GarCo district attorney running for Congress as Republican candidate

GLENWOOD SPRINGS — Martin Beeson helped recall a district attorney.
Now he says he wants to help fire a congressman.

Beeson, 9th Judicial District attorney, has announced he is running for Congress in Colorado’s 3rd Congressional District. He hopes to unseat incumbent Rep. John
Salazar, a Manassa Democrat, in 2010.

Beeson is running on a platform of fiscal conservatism, and is criticizing Salazar for voting in support of the economic stimulus bill.

“We need to replace those people who are not leaders, who are blindly following the mandates of the party,” he said.

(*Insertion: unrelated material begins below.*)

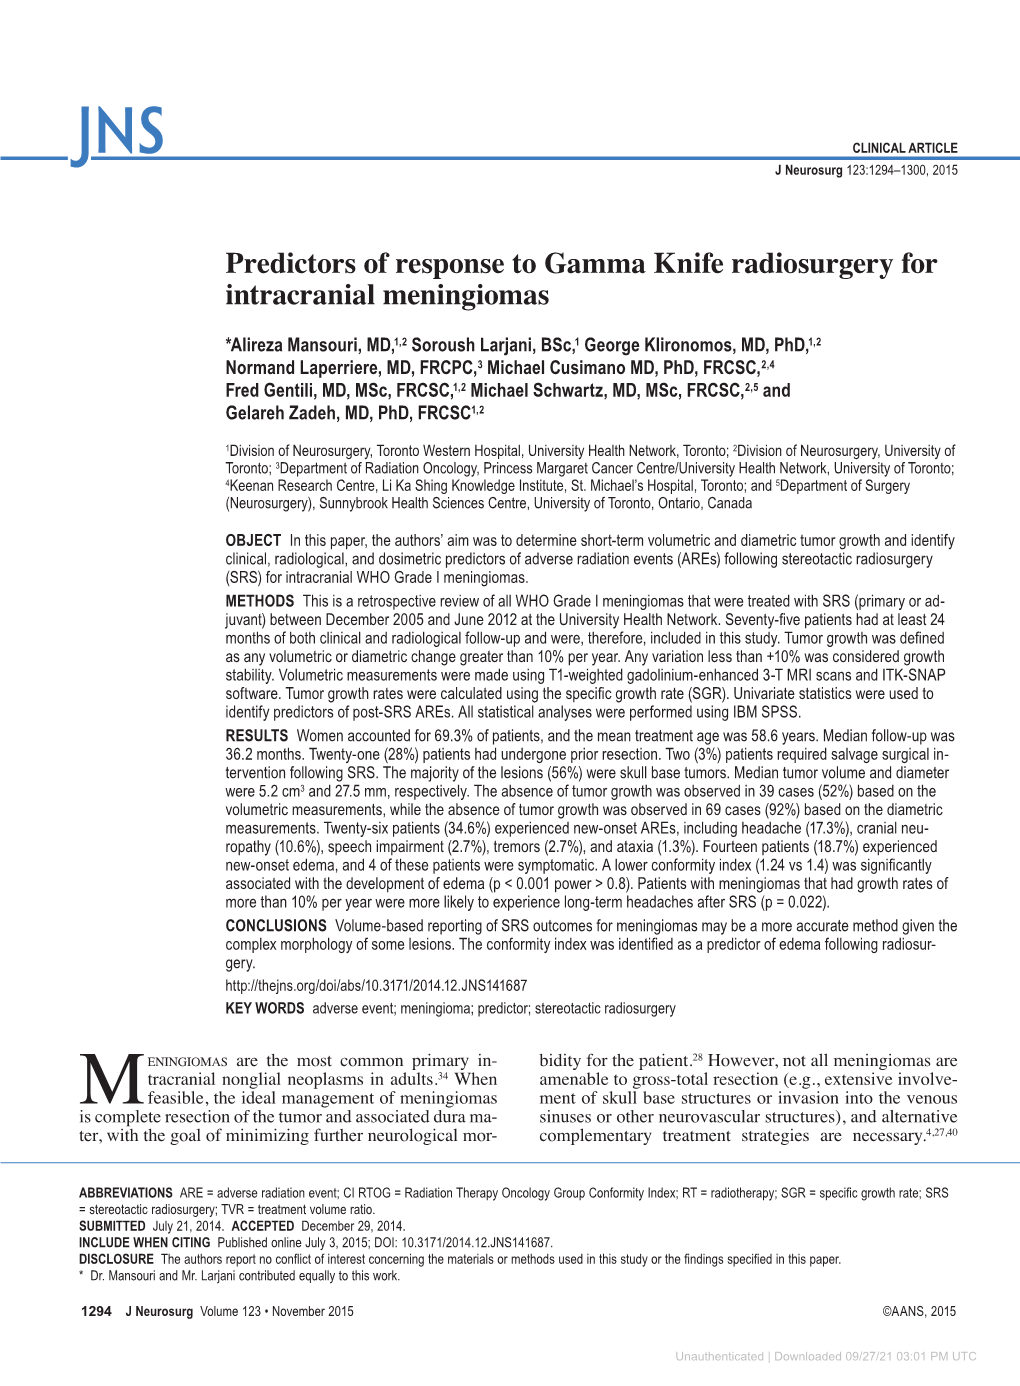 Predictors of Response to Gamma Knife Radiosurgery for Intracranial Meningiomas
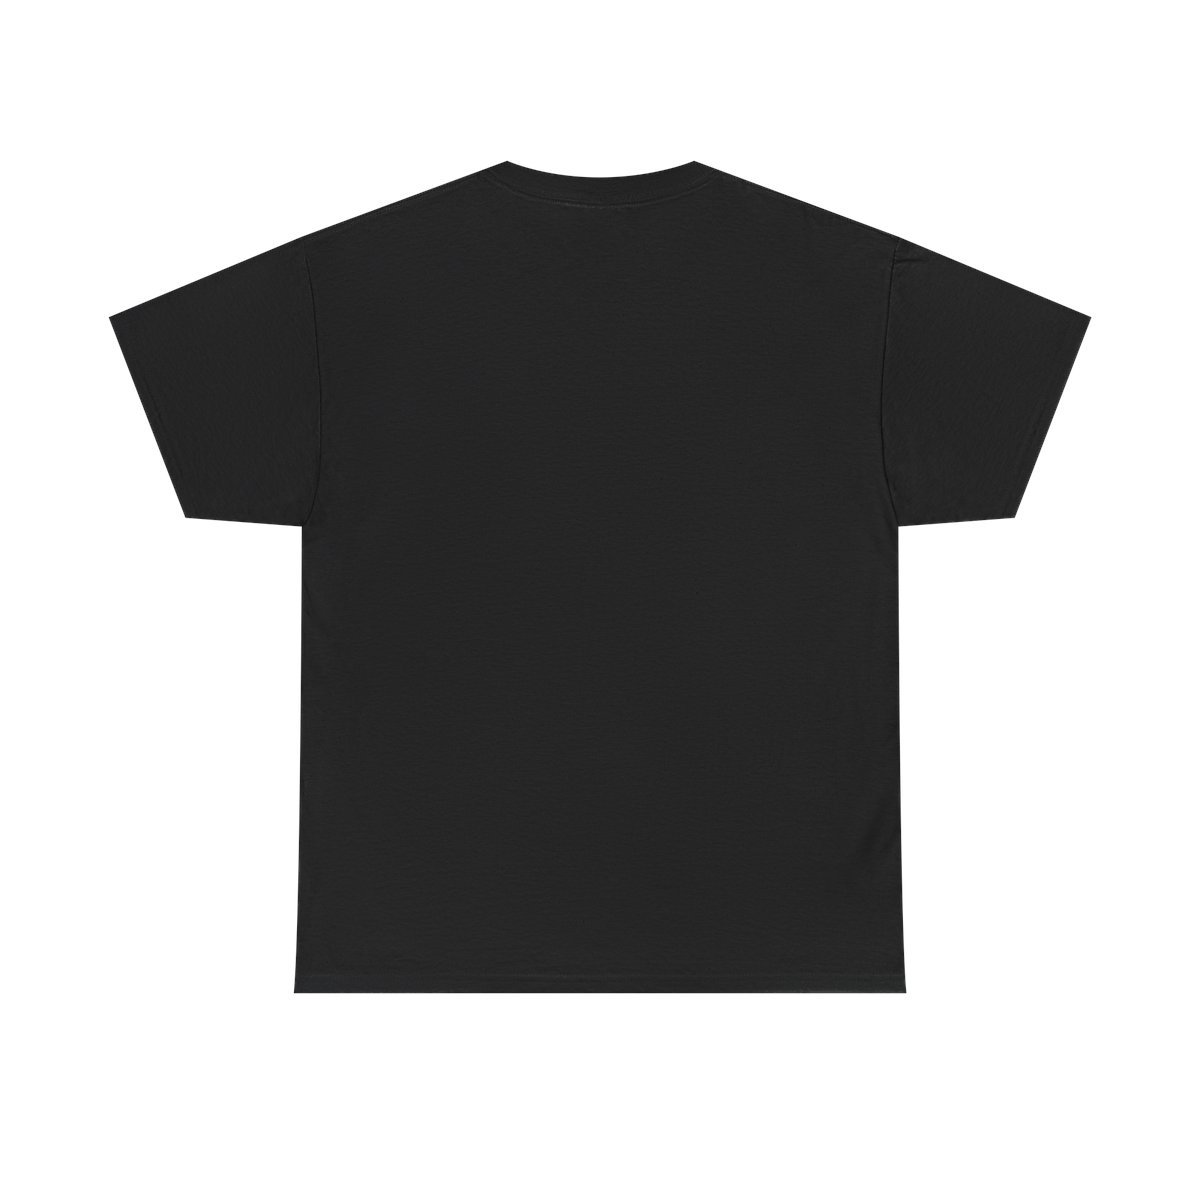 Elgibbor – Jubilieum Short Sleeve Tshirt

Beeson said he has shown a willingness to take a stand against his own party when necessary. In 2005, he helped lead a successful effort to recall former DA and fellow Republican Colleen Truden over allegations of mismanagement of her office. Beeson, a former employee of Truden’s, also won a two-person race to replace Truden and finish her term of office.

He became DA in early 2006, and ran unopposed for a four-year term in 2008.

Salazar was first elected to Congress in 2004.  Beeson acknowledged that if he ends up being the Republican on the ballot against Salazar, he would face the challenge of incumbency and the hefty campaign donations that come with it.

“I’m going to overcome it with common sense and I’m going to overcome it with raising my own money. This is going to take a whole lot of money, no doubt about it,” he said.

On a much larger fiscal note, Beeson fears the Obama administration is amassing a debt that will saddle future generations. He said Salazar and others in Congress voted for an $800 billion stimulus package without even having time to read the bill.

Salazar spokesman Eric Wortman said the congressman was intimately familiar with the bill because he sits on the House Appropriations Committee.

“He was in hours and hours of hearings on the package,” Wortman said.

Wortman was hesitant to respond in detail to Beeson’s criticisms of Salazar, noting that the election is a year-and-a-half away and Salazar doesn’t even know what Republican he may face.

“Good luck to the guy and we look forward to a campaign,” Wortman said.

Beeson grew up in Southern California and taught law and business at an university in Beijing from 1999–2002.

He said he was confident that he would be able to accomplish his duties as DA while running for Congress.

“The business of the district attorney’s office will continue to flow in an unfettered manner and the resources my staff needs, they will have,” he said.